Genome sequences of S288c (isogenic to BY) and RM were downloaded in December 2007 from NCBI (ftp://ftp.ncbi.nih.gov/genomes/Saccharomyces_cerevisiae) and the Broad Institute (http://www.broad.mit.edu/annotation/genome/saccharomyces_cerevisiae/Home.html), respectively. The RM genome 8X assembly originates from whole genome shotgun and consists of 17 high-quality supercontigs (hqSC hence after) totalizing 11.7 Mb. The17 hqSC of RM were aligned on the 16 nuclear chromosome sequences of BY by using the nucmer algorithm implemented in MUMmer version 3.0 [51] with options –maxgap = 1000 –mincluster = 50 considering BY chromosomes as the references and RM hqSCs as the queries. The output of nucmer was then filtered and formatted using the delta-filter and show-coords programs of the MUMmer package. At this stage, the output of our alignment pipeline consisted on a list of clusters of perfect matches between regions of BY chromosomes and RM hqSCs. We implemented an automatic rule to relate RM hqSCs to BY chromosomes by maximizing the coverage and alignment quality chromosome by chromosome. We then dynamically resolved overlapping clusters of perfect matches in order to get the longest aligned fragments of RM hqSCs along each BY chromosome. Visual inspections were also used in a few cases in order to define optimal boundaries of alignments. Detailed results of this genome alignment process as well as the hybrid shell/perl script used to do the genome alignment are available upon request.

Sequence polymorphisms

Polymorphisms between BY and RM were detected by base substitution in the final alignment. Since base calling information were not available for RM sequences, we assumed that quality was reasonable and uniform along the RM genome sequence. From the 54,039 polymorphisms found, a few targeted repeated sequences (in both genomes as annotated by RepeatMasker (open-3.1.9, Smit, AFA, Hubley, R & Green, P. RepeatMaskerOpen-3.0. 1996–2004 http://www.repeatmasker.org) and were thus excluded, leading to a final core set of 52,280 polymorphisms consisting in 47,011 SNPs (90%), 2,448 insertions (4.5%) and 2,821 deletions (5.5%). These 2,448 insertions corresponded to 238,087 bp that were absent in RM while the 2,821 deletions corresponded to 80,349 bp absent in BY. This discrepancy between BY and RM insertions is mainly due to the heterogeneous content of Ty elements between both genomes (see below).

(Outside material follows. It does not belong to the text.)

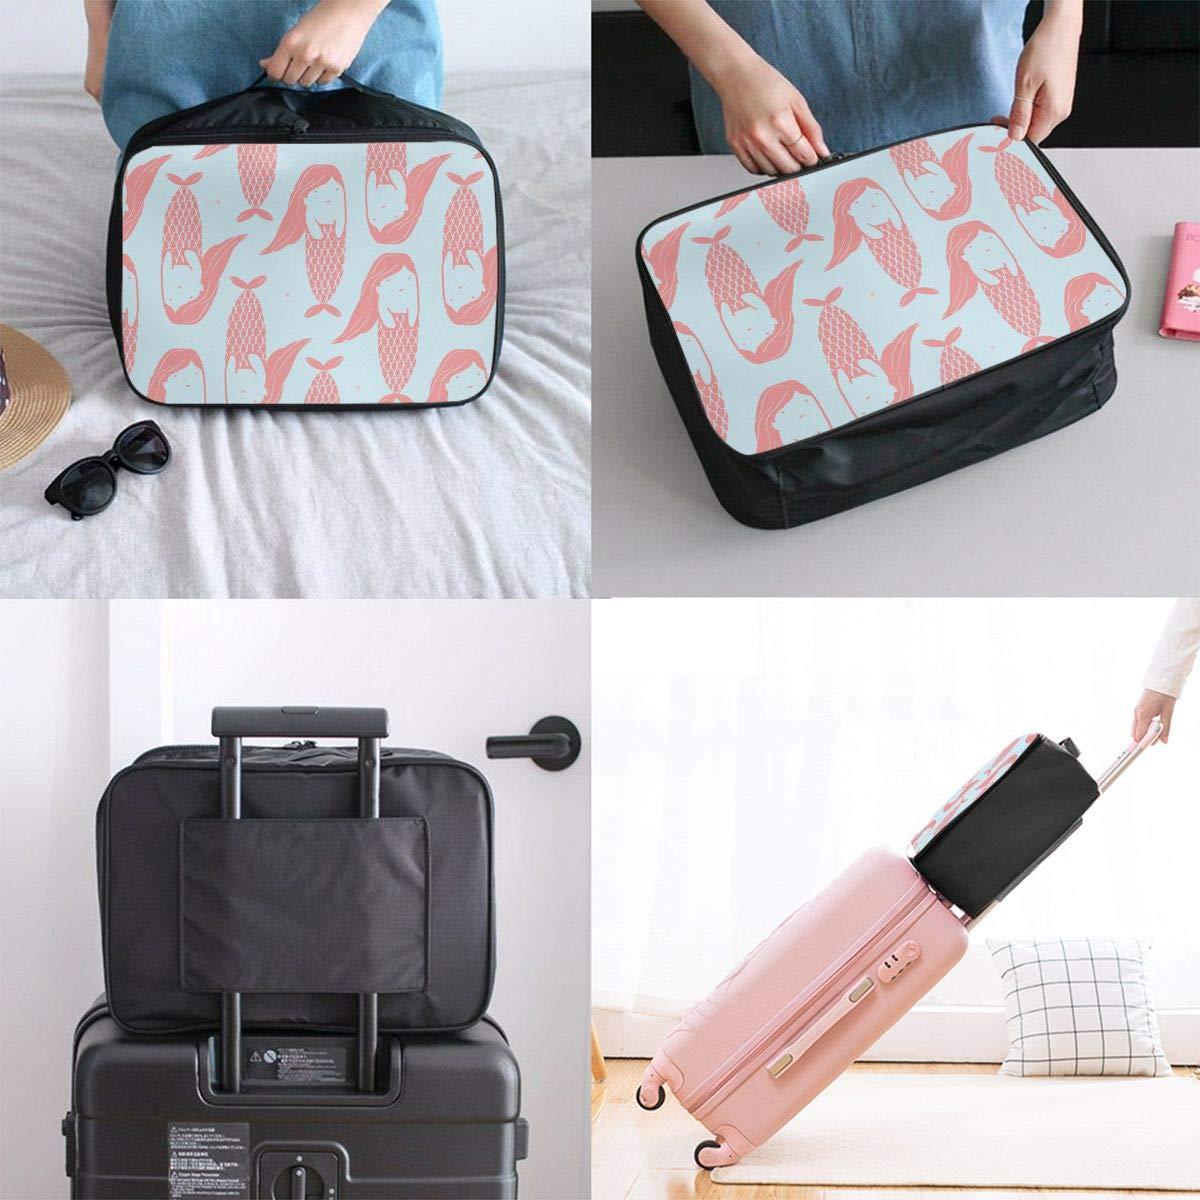 YueLJB Milkshake Mermaid Lightweight Large Capacity Portable Luggage Bag Travel Duffel Bag Storage Carry Luggage Duffle Tote Bag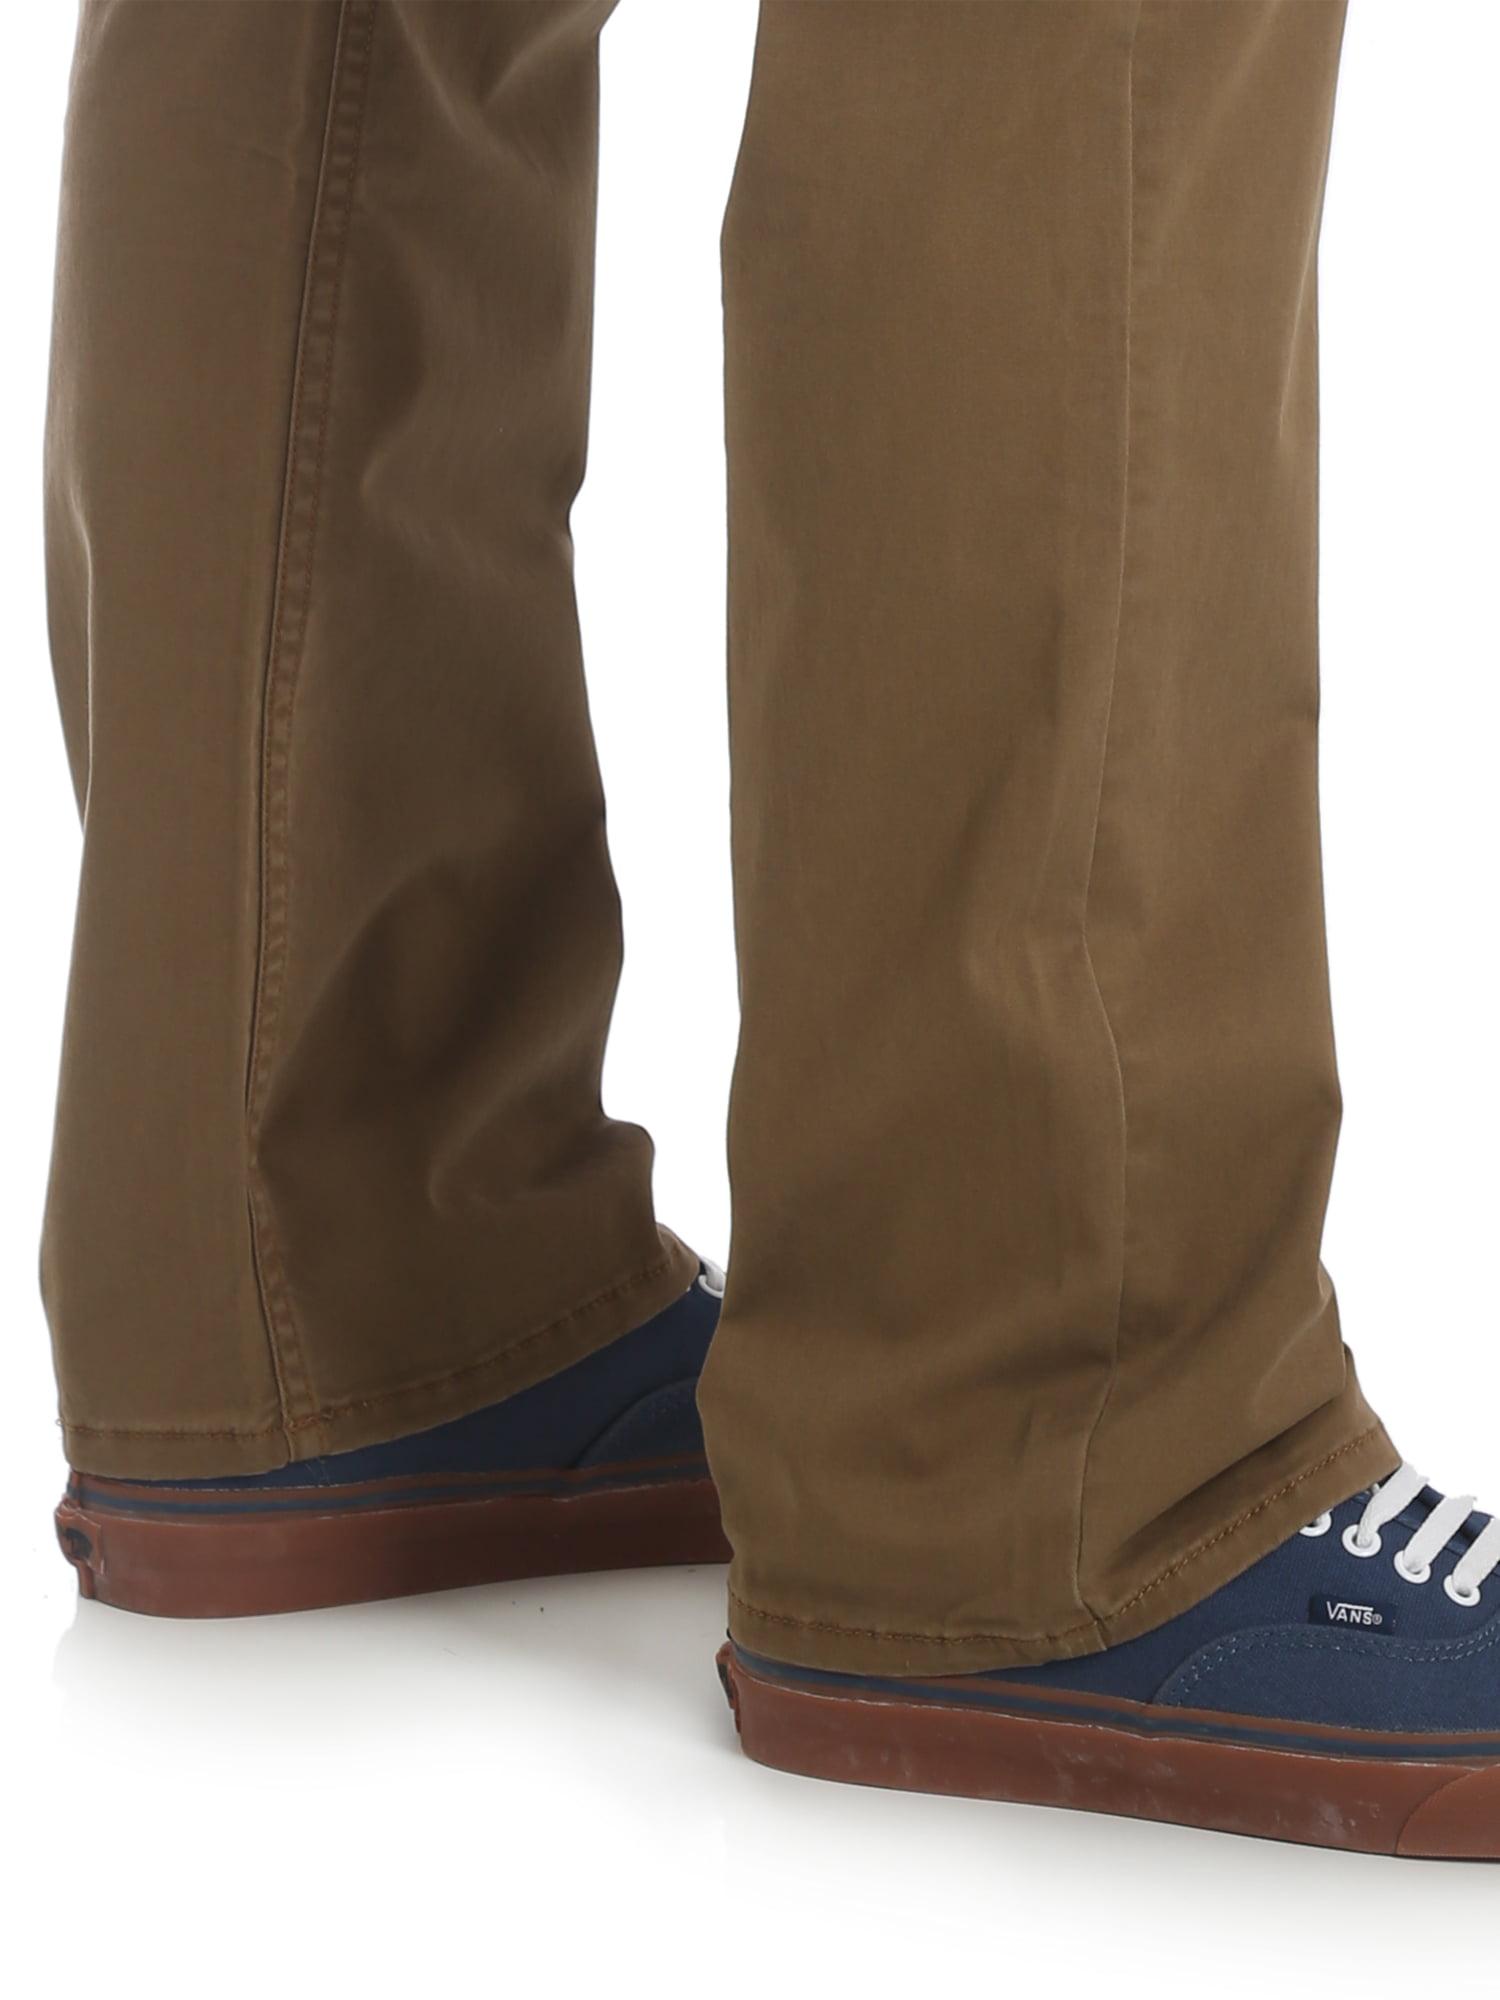 Wrangler - Men s Straight Fit 5 Pocket Pant - Walmart.com 33df674345

Gene prediction and comparison

BY gene annotations were extracted from chromosomal features defined at NCBI website (ftp://genome-ftp.stanford.edu/pub/yeast/chromosomal_feature/saccharomyces_cerevisiae.gff). For RM, predicted gene set was downloaded from the Broad Institute website (http://www.broad.mit.edu/annotation/genome/saccharomyces_cerevisiae/Downloads.html). which were obtained using a combination of mapped ORFs from SGD predictions (http://www.yeastgenome.org), Glimmer [52] and GeneMark [53]. More details on this automated gene prediction pipeline are posted at http://www.broad.mit.edu/annotation/genome/saccharomyces_cerevisiae/GeneFinding.html#prediction. This original annotation file consisted of 5695 gene loci. 83 were dubious and discarded, as their annotated coding sequence did not code for a protein. 80 other predictions were also discarded because they fell in unaligned regions and could not be mapped to BY. Orthologs were identified using Blastp from WUBlast version 2.0 (Gish, W. (1996–2004) http://blast.wustl.edu) by aligning protein sequences of the 5532 remaining RM genes against the protein sequences of 6608 BY genes, and selecting reciprocal matches that fulfilled all following criteria: i) E-value <1.e-5, ii) percentage of identity >40% and iii) match length >75% of both protein sequences. This way, 5200 RM genes were called orthologs of BY genes, and 328 genes were RM-specific.

Transcript boundaries

Transcript boundaries for BY genes were obtained from the complete published set of experimentally detected transcripts [23], [54] available at http://www.ebi.ac.uk/huber-srv/actinomycinD. Only transcript segments overlapping >50% of a non-dubious annotated coding region on the 5′ end were retained. This resulted in 4,714 verified transcription segments. We then mapped the BY transcript boundaries of ortholog genes on the RM genome, leading to 4,612 transcription segments on RM.

Ty elements

We extracted the DNA sequences of the 50 active Ty elements annotated in the BY genome (as defined in the NCBI chromosomal features, leading to 31 Ty1, 13 Ty2, 2 Ty3, 3 Ty4 and 1 Ty5) and blasted them onto the 17 RM supercontigs. We found 10 matches on RM with 10 Ty2 elements (percentage of identity >90% and match length >95%). No match was found with any other Ty elements even after relaxing these criteria, indicating that Ty elements populating the RM genome are Ty2 only. Of these 10 Ty2 elements found in RM, 3 were located at the same place in BY, 6 were located elsewhere in RM (leading to 6 deletions (insertions) in BY (RM)) and 1 replaced a Ty1 element of BY.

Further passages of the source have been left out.